It is a
collaborative effort among researchers to compare and evaluate methods
and strategies for de novo genome assembly (dnGASP) using data from
2nd generation sequencing platforms and is being organized by the
National Center for Genome Analysis (CNAG) in Barcelona, Spain. A
sister project dubbed
RGASP3 (the third incarnation of th RNA-Seq
Genome Annotation Assessment Project) is focused on evaluating RNASeq
read alignment algorithms and will be organized separately by the
Centre for Genomic Regulation and the Wellcome Trust Sanger Institute.
Both projects will culminate in a joint workshop in Barcelona April 5-7, 2011, organized in partnership with the
International Center for Scientific Debate (ISCD), an initiative of Biocat with support from “la Caixa” Welfare Projects, and supported by additional funds from
READNA.
This web portal is dedicated to providing the primary point of information and data exchange for dnGASP. We encourage those groups interested in participating in RGASP3 to retrieve the relevant information at the CRG.

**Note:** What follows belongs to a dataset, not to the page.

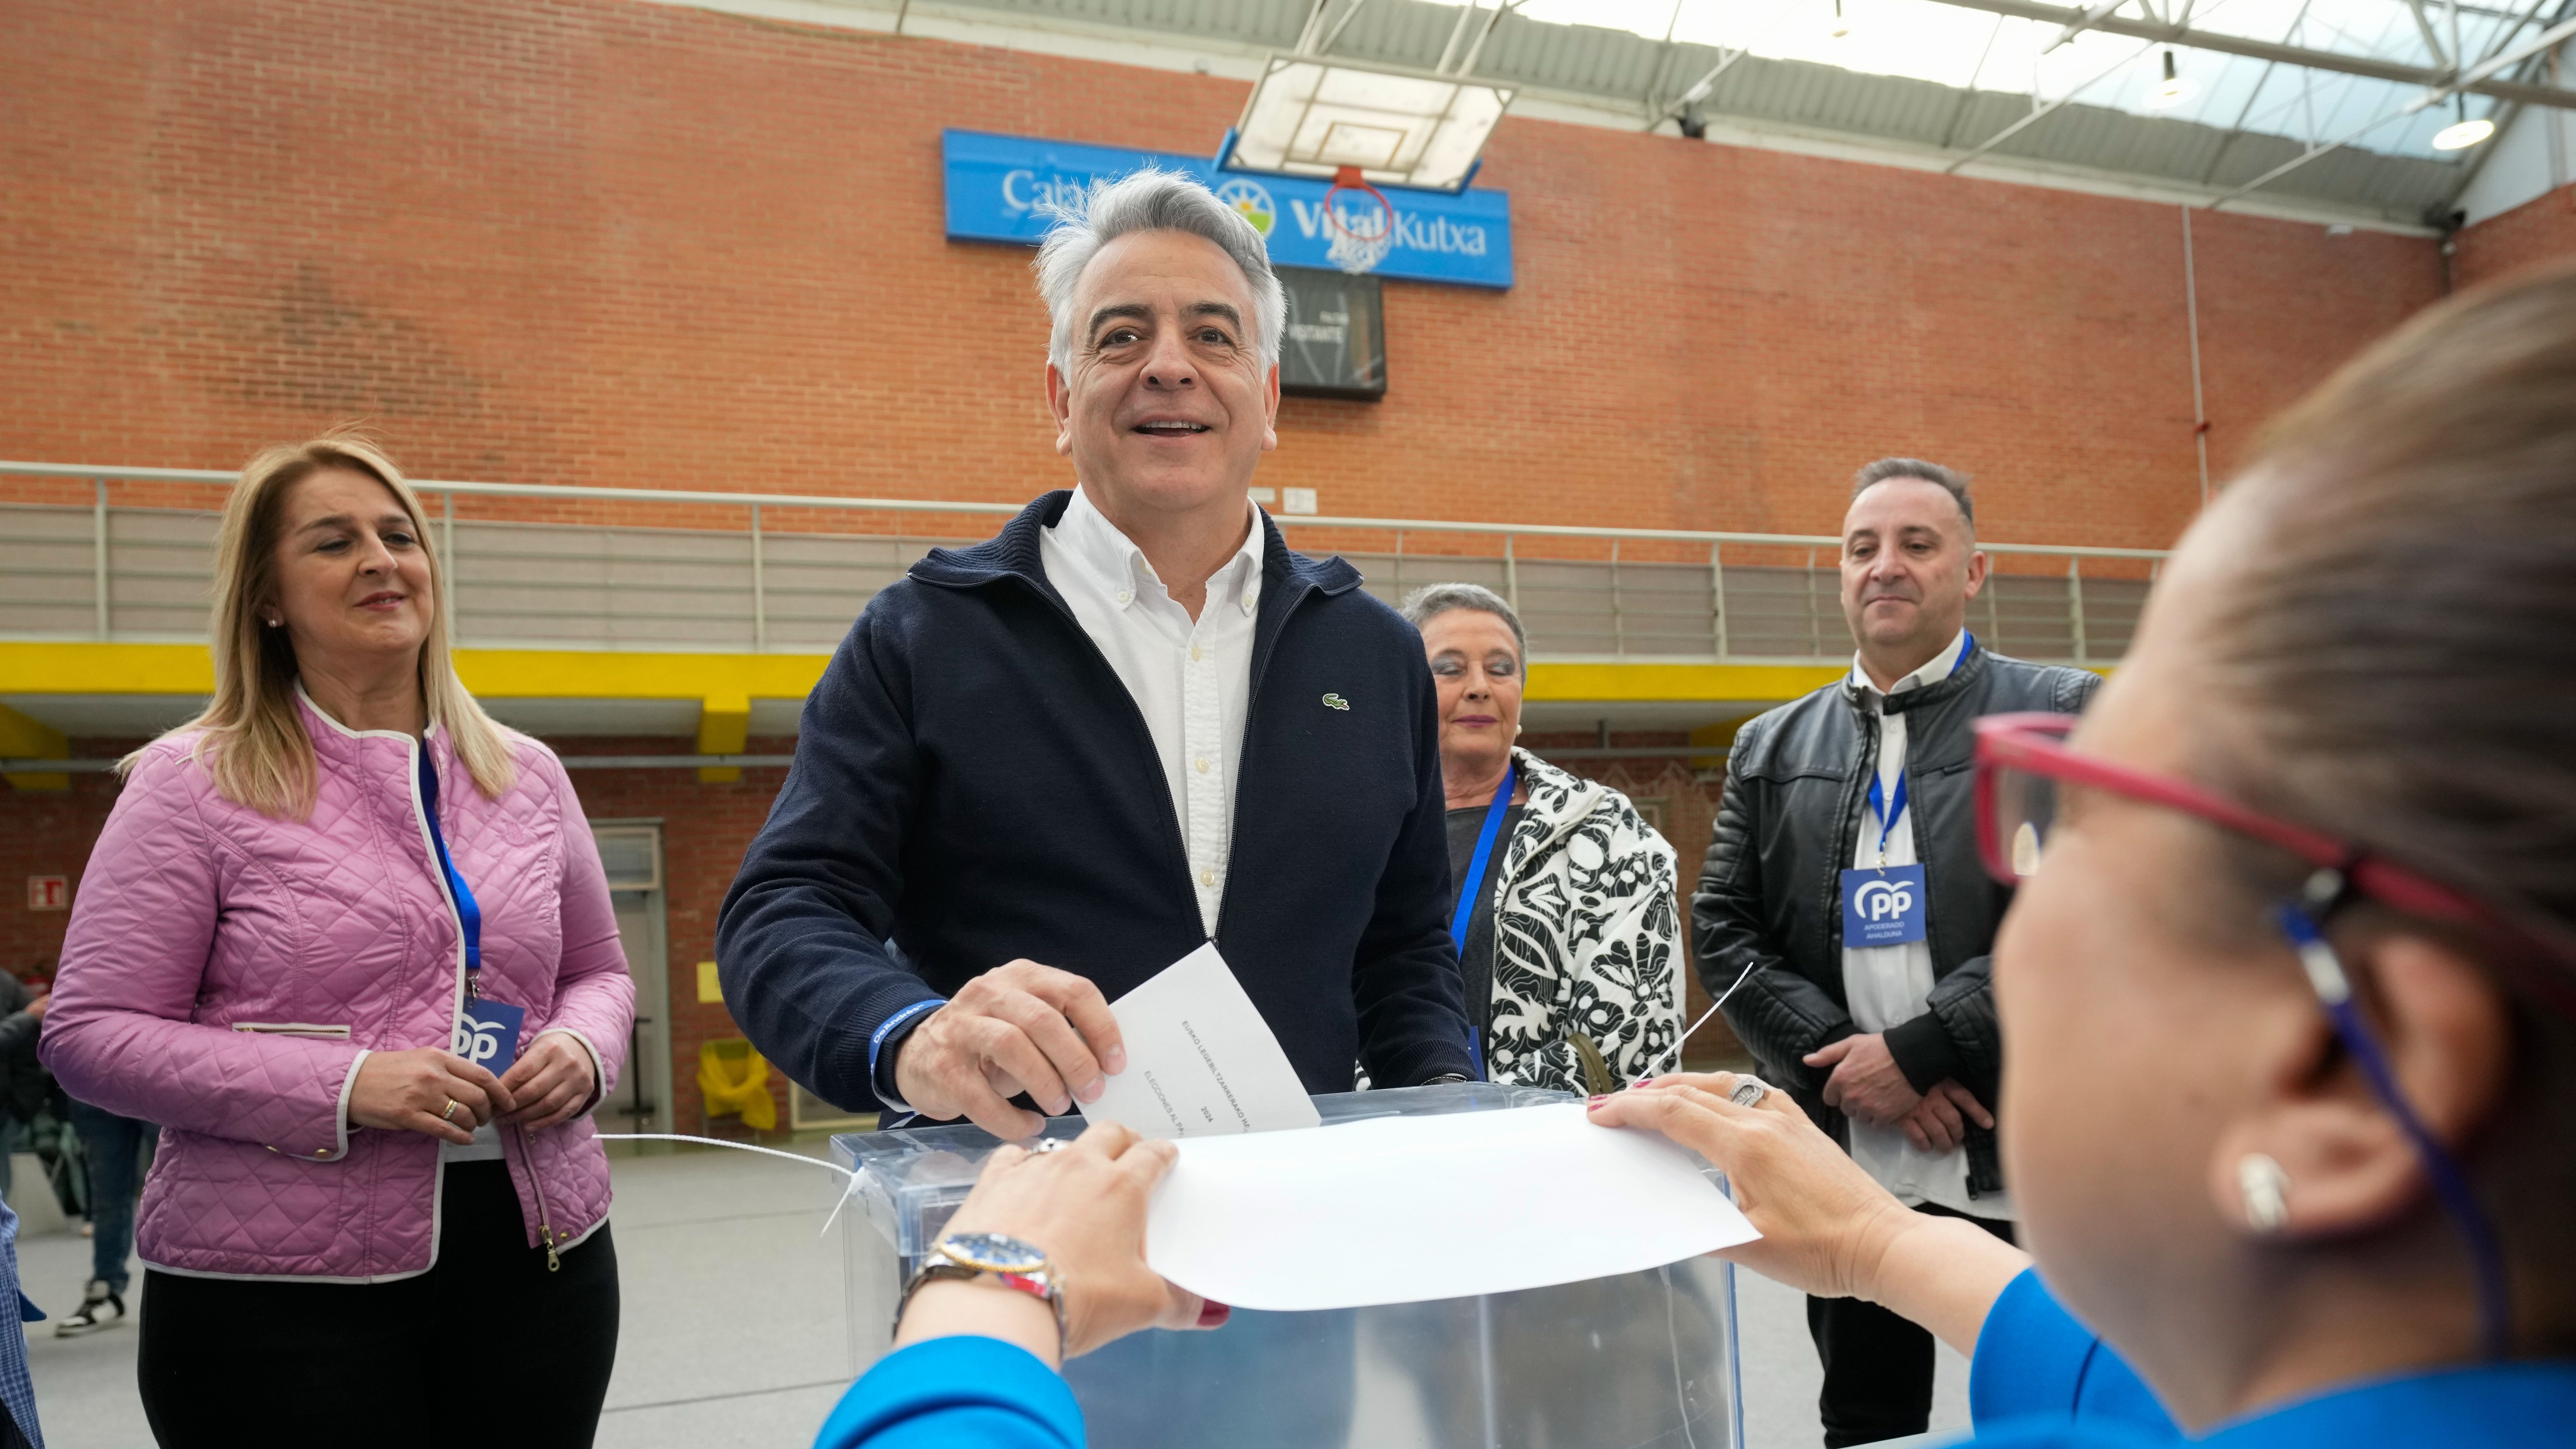 Javier de Andrés confía en lograr un gran respaldo para "ser decisivos" en el Parlamento vasco

All groups interested in testing their algorithms for assembly of large genomes from second generation sequencing data are invited to participate in dnGASP. The format of the project will follow the tradition of the previous "GASP" workshops (CASP, GASP, EGASP, NGASP, RGASP, etc.): a dataset will be provided, submissions of the processed dataset will be solicited (deadline: Feb 15, 2011), the submissions will be evaluated by CNAG, and the afforementioned workshop will be held to discuss the results.
The Genome
The reference genome is an unidentified naturally composed eukaryotic genome of known sequence with the following characteristics:
| Ploidy: |
diploid (SNP frequency ~1/1000) |
| Genome size: |
~1.8Gb |
| Chromosome number: |
14 |
| GC content: |
~42% (36-50%) |
| Repeat content: |
similar to vertebrate repeat content |
| Derivation: |
Our "genome" sequence is derived from sequence assembled by a traditional combination of WGS and clone-based approaches using Sanger technology, an undisclosed transformation was applied to the sequences to mask their identity, and finally alleles were simulated based on a realistic SNP distribution (SNPs and small indels). The genome additionally contains a minimal amount of purely artificial sequence introduced by the evaluation committee. |
Read Data
A total of 64x coverage of the simulated genome has been simulated as Illumina GAIIx reads. Sequencing errors were introduced according to quality values (empirically determined from real reads). The 64x coverage is subdivided into four libraries with the following characteristics:
| read length |
insert size |
kind |
coverage |
| 114nt x 2 |
500bp |
paired ends (PE) |
44x |
| 36nt x 2 |
3kb |
mate pairs (MP) |
8x |
| 36nt x 2 |
5kb |
mate pairs (MP) |
8x |
| 36nt x 2 |
10kb |
mate pairs (MP) |
4x |
The read data can be downloaded here: DOWNLOAD
Submissions
We will ask that one assembly be submitted for each of the following:
- level 1: PE
- level 2: PE + 3kb MP
- level 3: PE + 3kb + 5kb MP
- level 4: PE + 3kb + 5kb + 10kb MP
Each assembly submissions will consist of a single multifasta file of scaffolds (including all scaffolded and unscaffolded contigs). Gaps of estimated size are to be represented by strings of N’s of length equal to the most likely gap size. Scaffolds which do not contain at least one contig of length 115 nt (read length plus one) or greater will not be considered for evaluation. We reserve the right to apply an even higher length threshold during evaluation if it is deemed necessary to make the analysis fairer or more tractable.
Deadline
March 1st 23:59 GMT. Files are to be uploaded through the project web site.
Evaluation
We will evaluate all submitted assemblies up to a maximum of one per level per participant according to several criteria. In addition to using the standard measures of assembly quality (N50/N90 and the largest/mean/median contig/scaffold size), we will leverage the fact that the reference genome sequence is absolutely known and the position from which each read was simulated is known. Assemblies will be aligned to the reference genome using established alignment methods and various measures will be calculated to quantify the level of completeness (e.g. coverage, number of gaps closed, N50 of aligned contigs, etc.) and correctness (e.g. synteny, accuracy of gap size estimation). Additionally, we will measure the ability to bridge different types of repeats (both “naturally” occurring and artificially constructed and embedded) varying in repeat unit size, total length, copy number within the genome and amount of variation. Finally, we will analyze other factors which might impact assembly quality such as variation in GC content or SNP rate.